Brassed Off (1996)
6/10
It's heart's in the right place
20 May 2016
Warning: Spoilers
Pete Postlethwaite steals the show from the off as a dedicated band conductor, such as the show is, in the story of how Grimley Colliery brass band wins the national championships with the 'Lone Ranger Theme', as it's known to the working class. Of course, there are many bumps in the road, but Ewan MacGregor and Tara Fitzgerald's romance comes good in the end.

Sentimental, earnest, Brassed Off just about manages not to be condescending to the mining communities, and puts in a few deep digs against the Tory party. As a story, it holds together over the length of the movie, but as a depiction of people with no money and no hope, it's melodramatic. The characters are very simply drawn. Perhaps if it showed genuine desperation it would be too depressing; it's a feelgood story after all, and a difficult situation to draw a positive from.

So you get the triumph of people dedicated (that word again) to music, but you never get the feeling that the band means anything to them beyond being a drain on their finances. They don't practise at home, their music brings them no joy, all they seem to be doing is keeping up appearances for the sake of it and because it's a colliery tradition. Pete Postlethwaite is the only character that expresses genuine passion for what he does, and the rest of them diss him for it.

Brass band performances of popular classics, however immaculate, are rarely deeply moving.

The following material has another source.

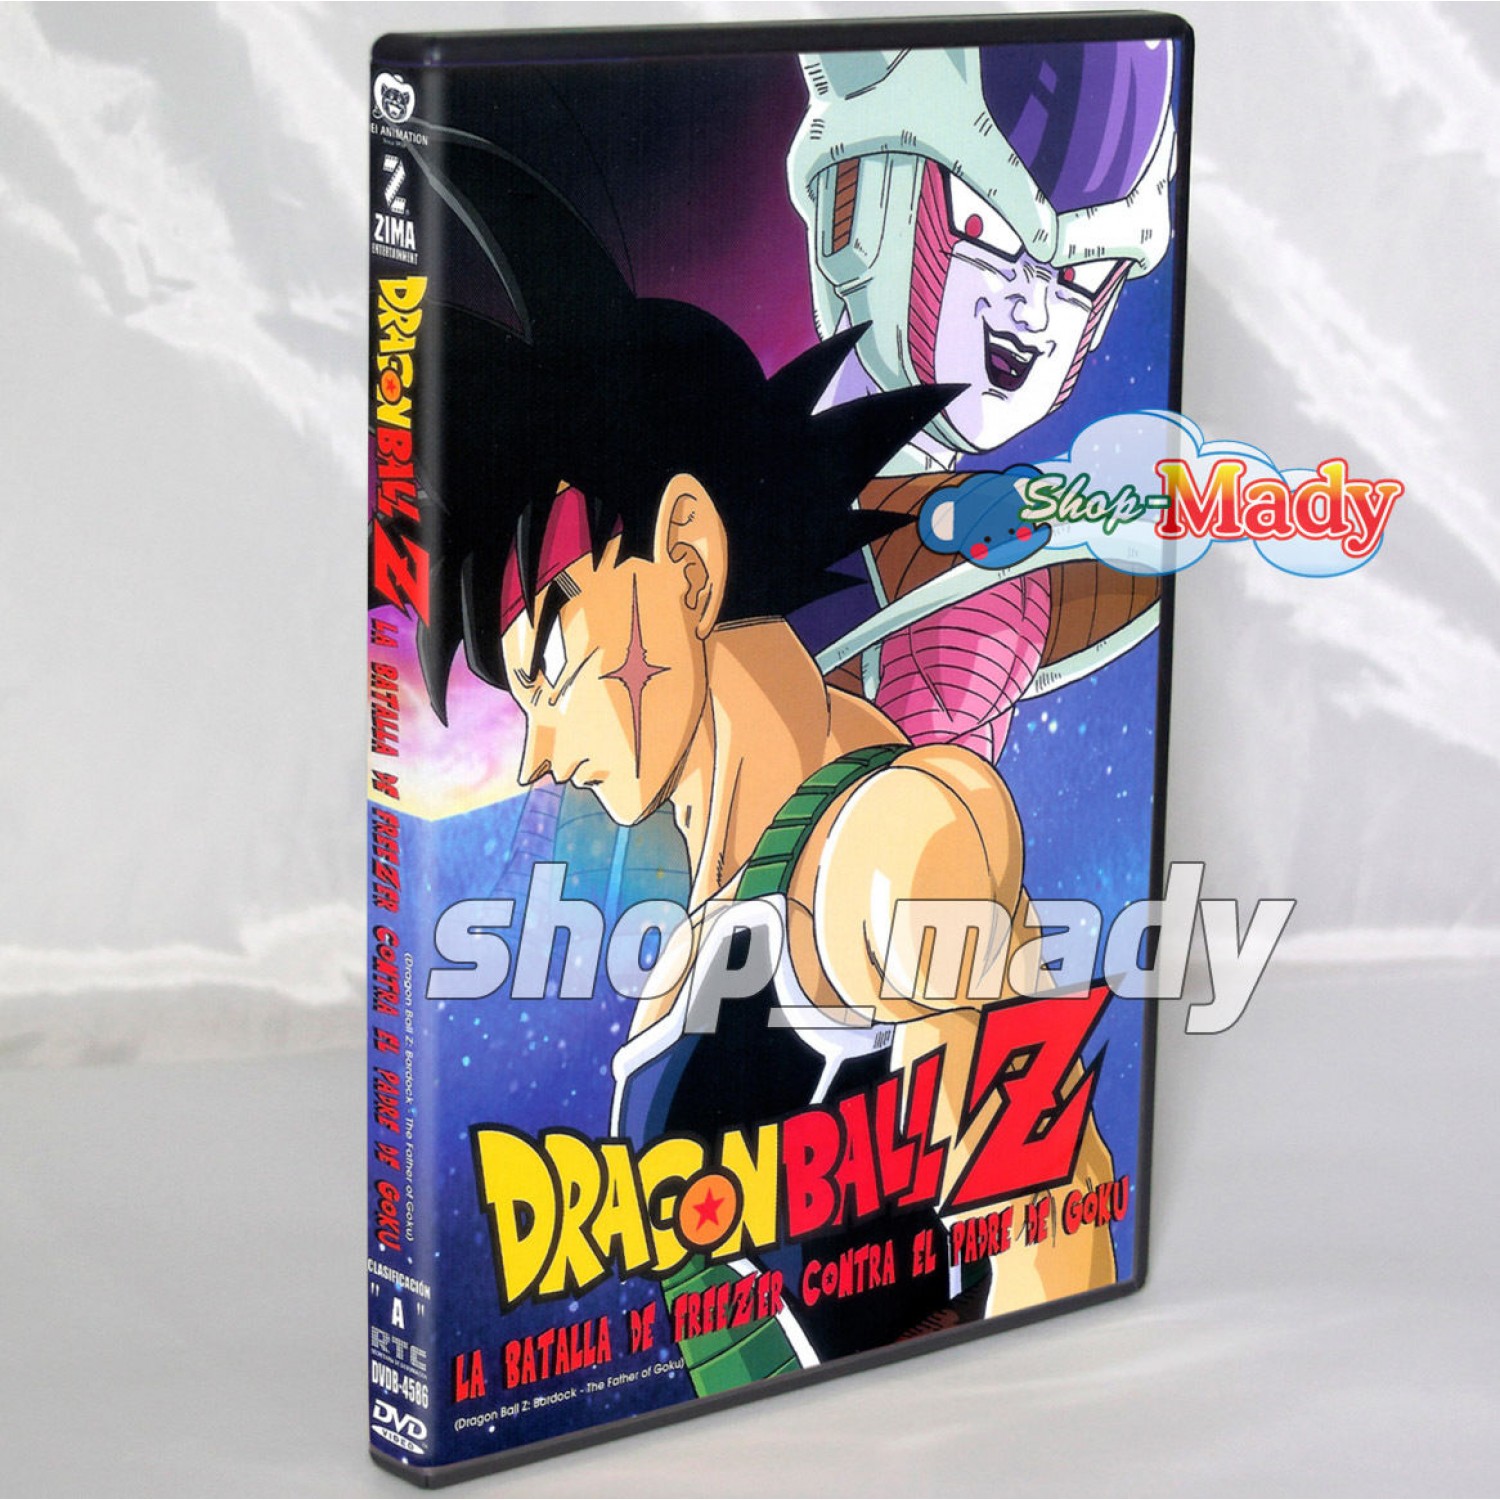 Dragon Ball Z La Batalla de Freezer contra el Padre de Goku DVD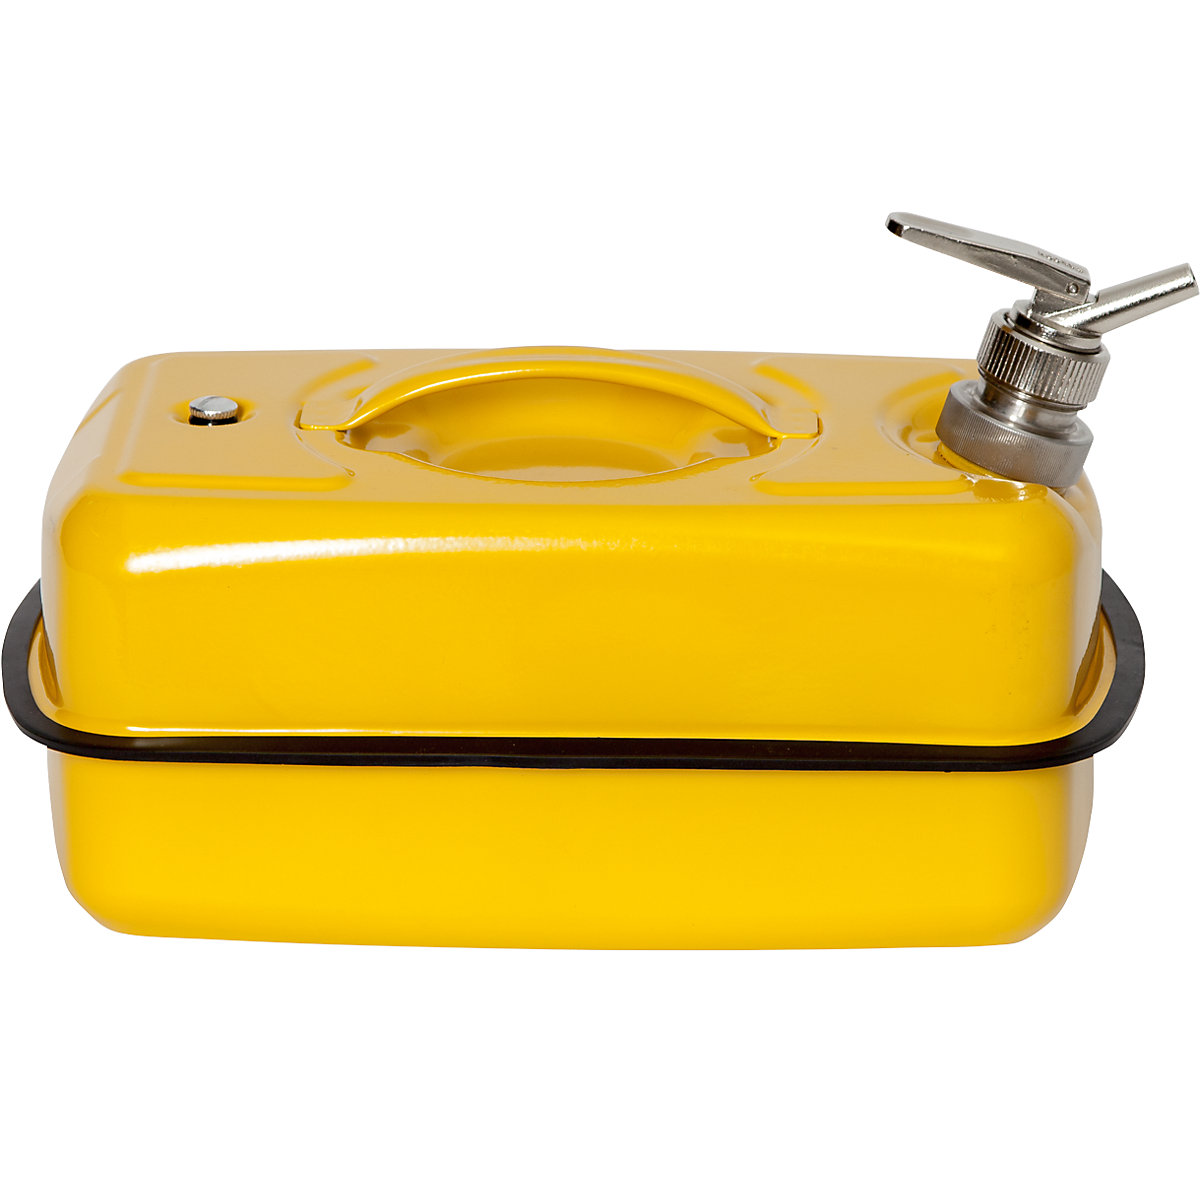 FALCON – Canistră de siguranță plată cu robinet pentru dozare fină (Imagine produs 6)

The best you can do is admire the skill of a large group of amateur musicians, so the music is unlikely to give you goosebumps.

Then you get people having the bailiffs remove their house contents, and 1000 job losses, and wives and kids moving out, but you don't really sympathise because it's actually only about the brass band - and at least his phone's still connected.

Whatever is important to the characters, Brassed Off assumes with no establishing scenes that you are on board from the start, in the same way it assumes you are on board with the anti-Tory sentiments it embraces. In other words, your sympathy for the characters is taken for granted but never really established by them doing anything beyond playing brass instruments expertly. Perhaps the script is not sentimental enough. It's certainly not sophisticated.

Jim Carter puts in a good turn as a curmudgeonly euphonium (NOT trumpet) player - all the band are, in fact everybody is, curmudgeonly - and Tara Fitzgerald is as convincing (though unbelievable) as the limited script allows her to be. Ewan MacGregor has a very cute face, but on this showing he's a shallow, two-dimensional actor.

All in all, Brassed off is a pretty well-rendered, sentimental story about people in recent history who shared an enthusiasm for something completely outdated; it never gets traction on a genuine, touching, authentic human level, in spite of its right-on sentiments.

Worth watching to be able to say, "Pete Postlethwaite was bloody good, wasn't he?". And maybe, "That Thatcher, what a devil incarnate".